A fresh look at data collected by NASA's Cassini spacecraft during its 2001 flyby of Jupiter shows that its moon Europa's tenuous atmosphere is even thinner than previously thought.
The thin, hot gas around the moon does not show evidence of plume activity occurring at the time of Cassini flyby en route to Saturn in 2001, the US space agency said in a statement.
Members of Cassini's ultraviolet imaging spectrograph (UVIS) team analysed data collected by their instrument.
Europa contributes 40 times less oxygen than previously thought to its surrounding environment, calculated the study.
"Our work shows that researchers have been overestimating the density of Europa's atmosphere by quite a bit," said Don Shemansky, a Cassini UVIS team member with Space Environment Technologies in Pasadena, California and lead author.
"It is certainly still possible that plume activity occurs, but that it is infrequent or the plumes are smaller than we see at Enceladus," said Amanda Hendrix, a Cassini UVIS team member with the Planetary Science Institute in Pasadena.

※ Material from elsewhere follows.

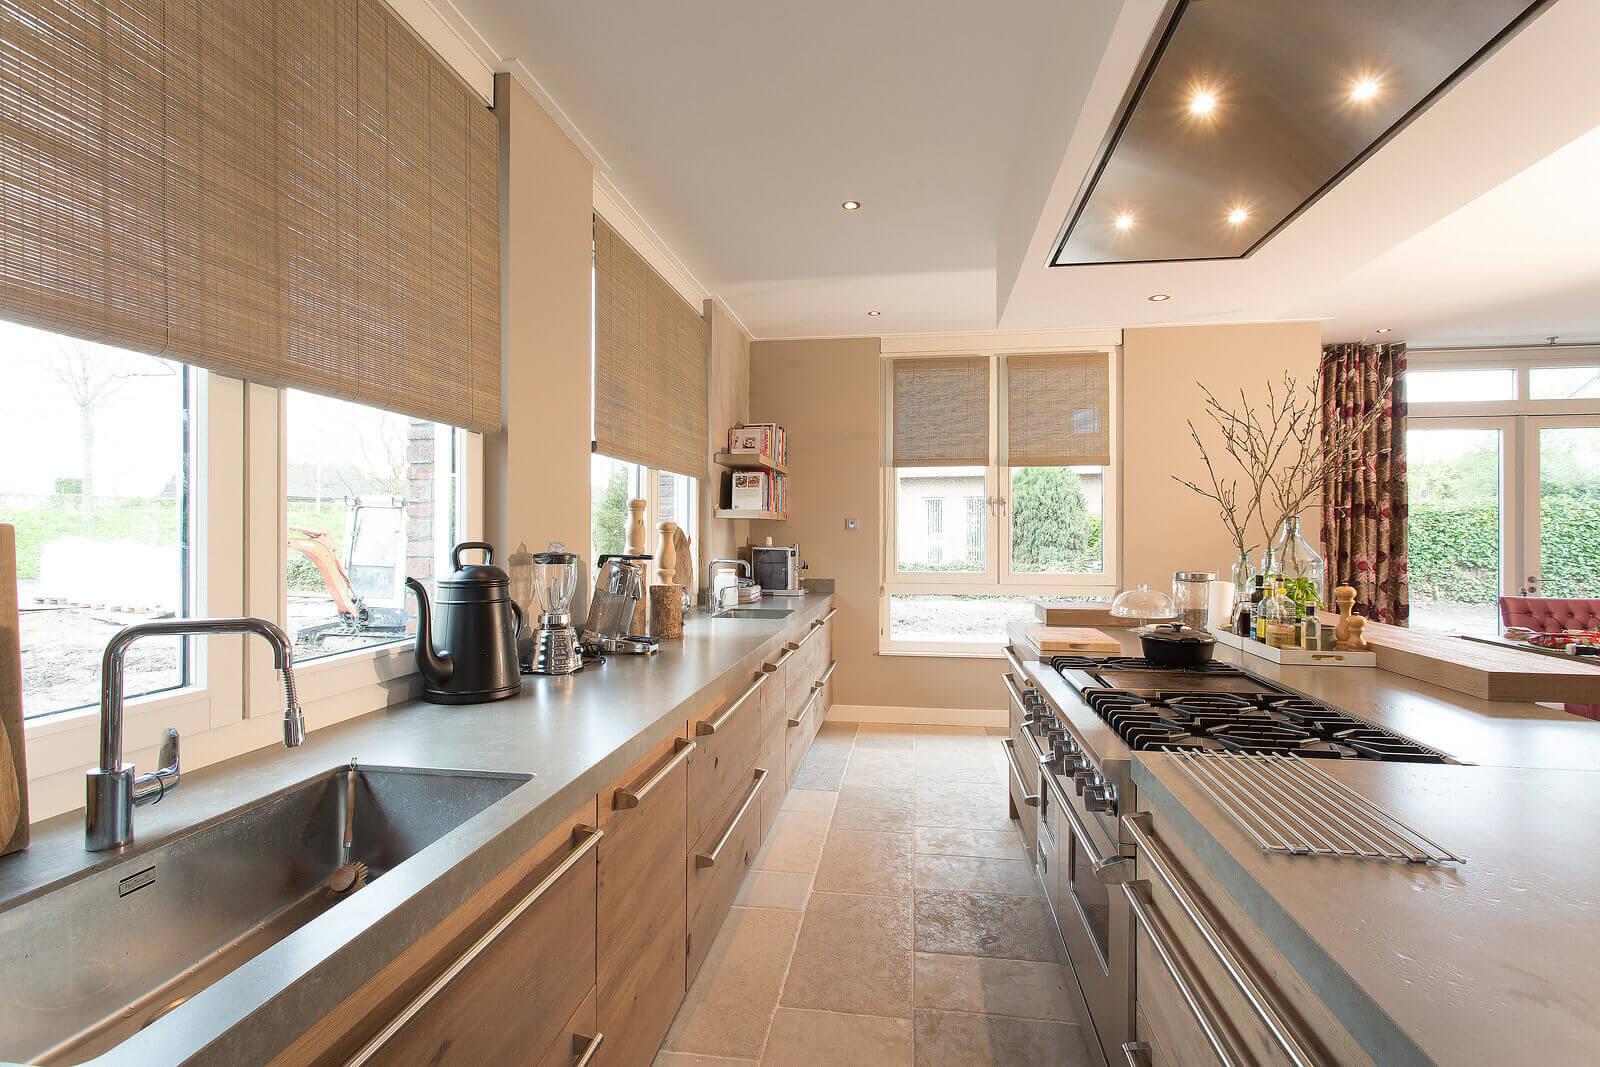 Parallelle keukens
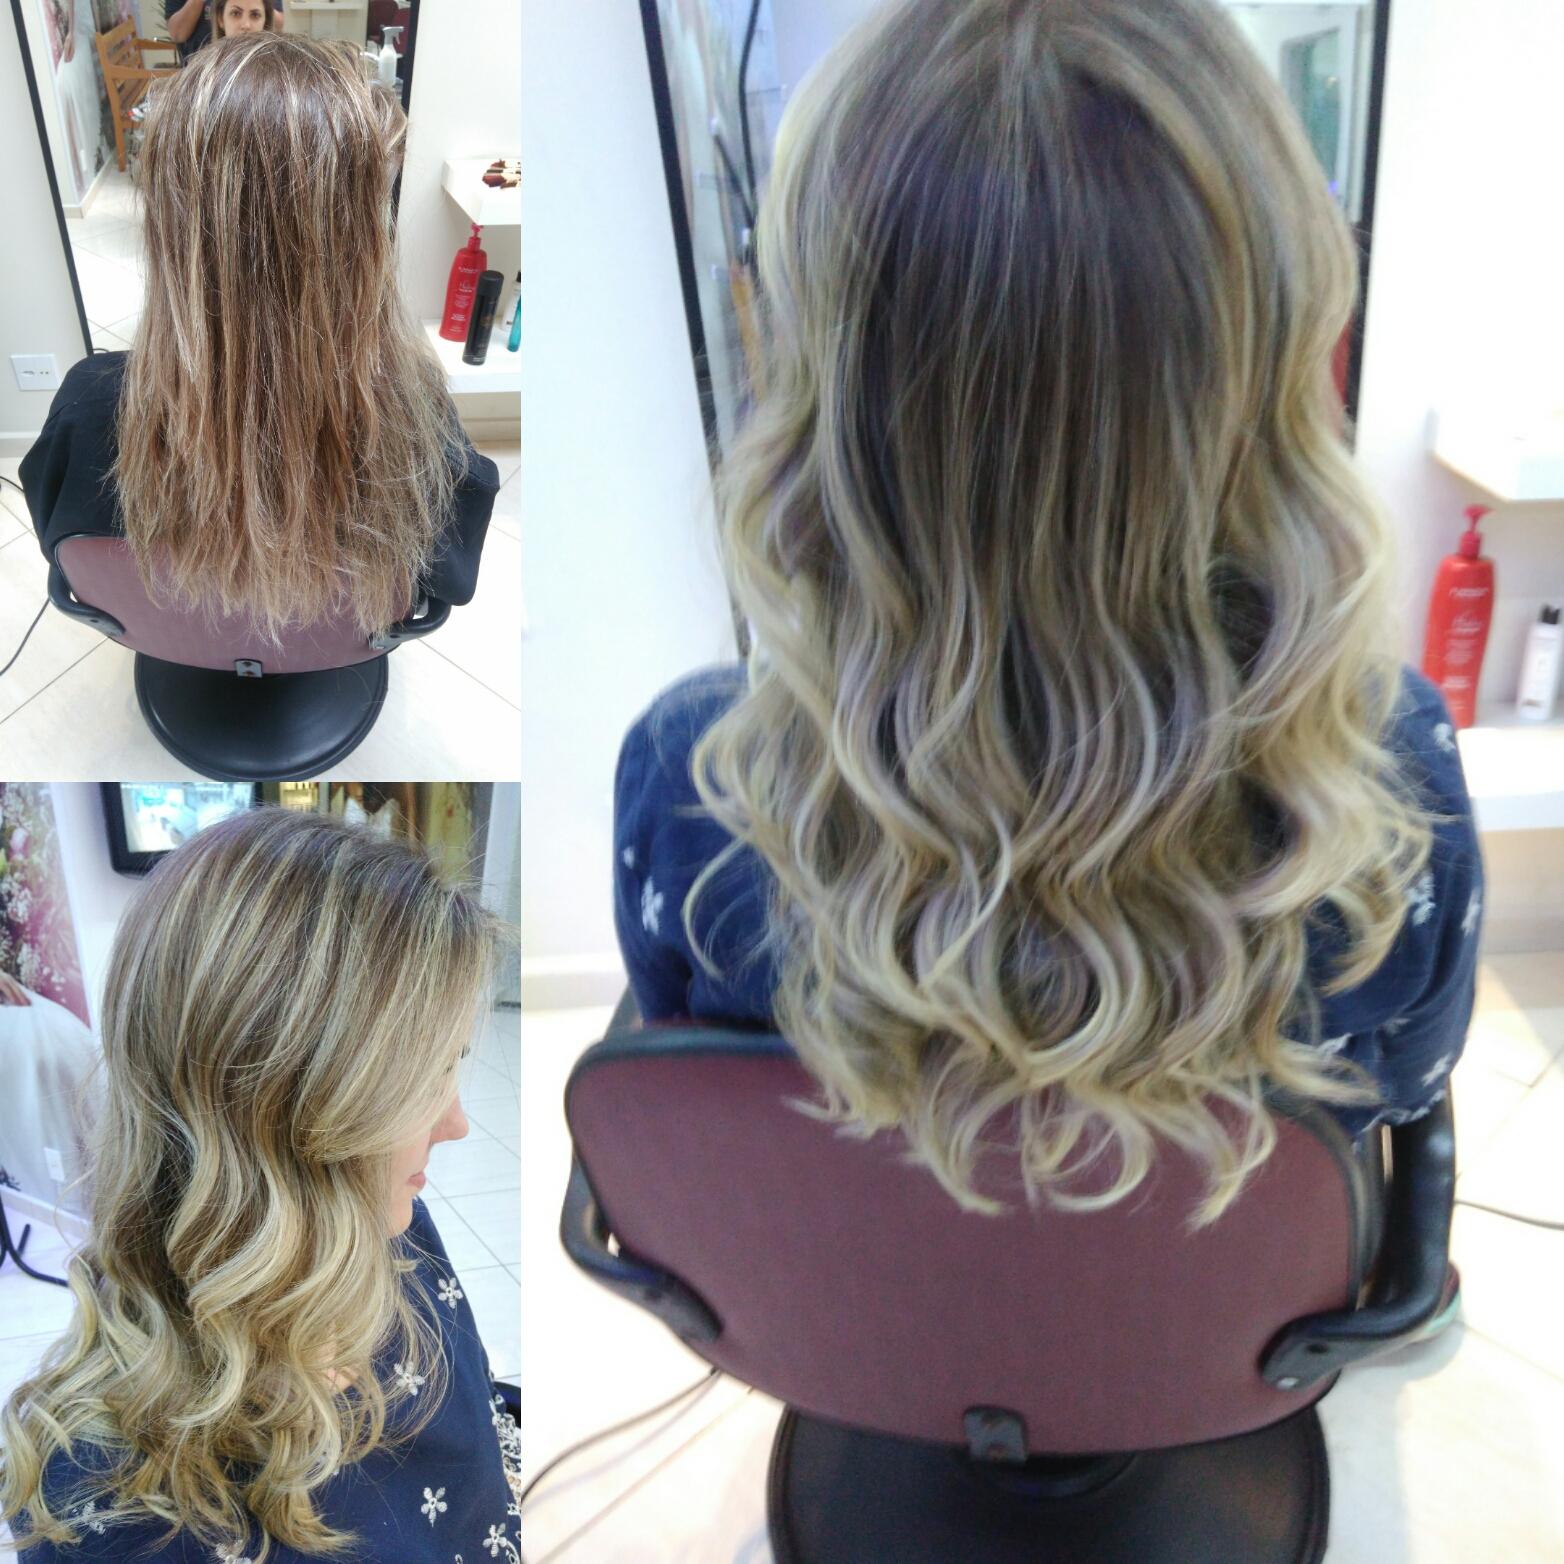 Luzes e escova ondulada  cabelo auxiliar cabeleireiro(a)

Europa is considered one of the exciting destinations in the solar system for future exploration due to strong indications of having an ocean beneath its icy crust.
Most of the hot, excited gas or plasma around Europa originates not from the moon itself but from volcanoes on the nearby moon Io.
The moon's tenuous atmosphere, which was already thought to be millions of times thinner than Earth's atmosphere, is actually about 100 times less dense than those previous estimates.
"We found no evidence for water near Europa, even though we have readily detected it as it erupts in the plumes of Enceladus," explained Larry Esposito from University of Colorado.
"Studies like this make the most of the data we have and help guide the kinds of of science investigations NASA should pursue in the future," concluded Curt Niebur, Outer Planets programme scientist at NASA headquarters in Washington.
The study appeared in the journal Astrophysical Journal.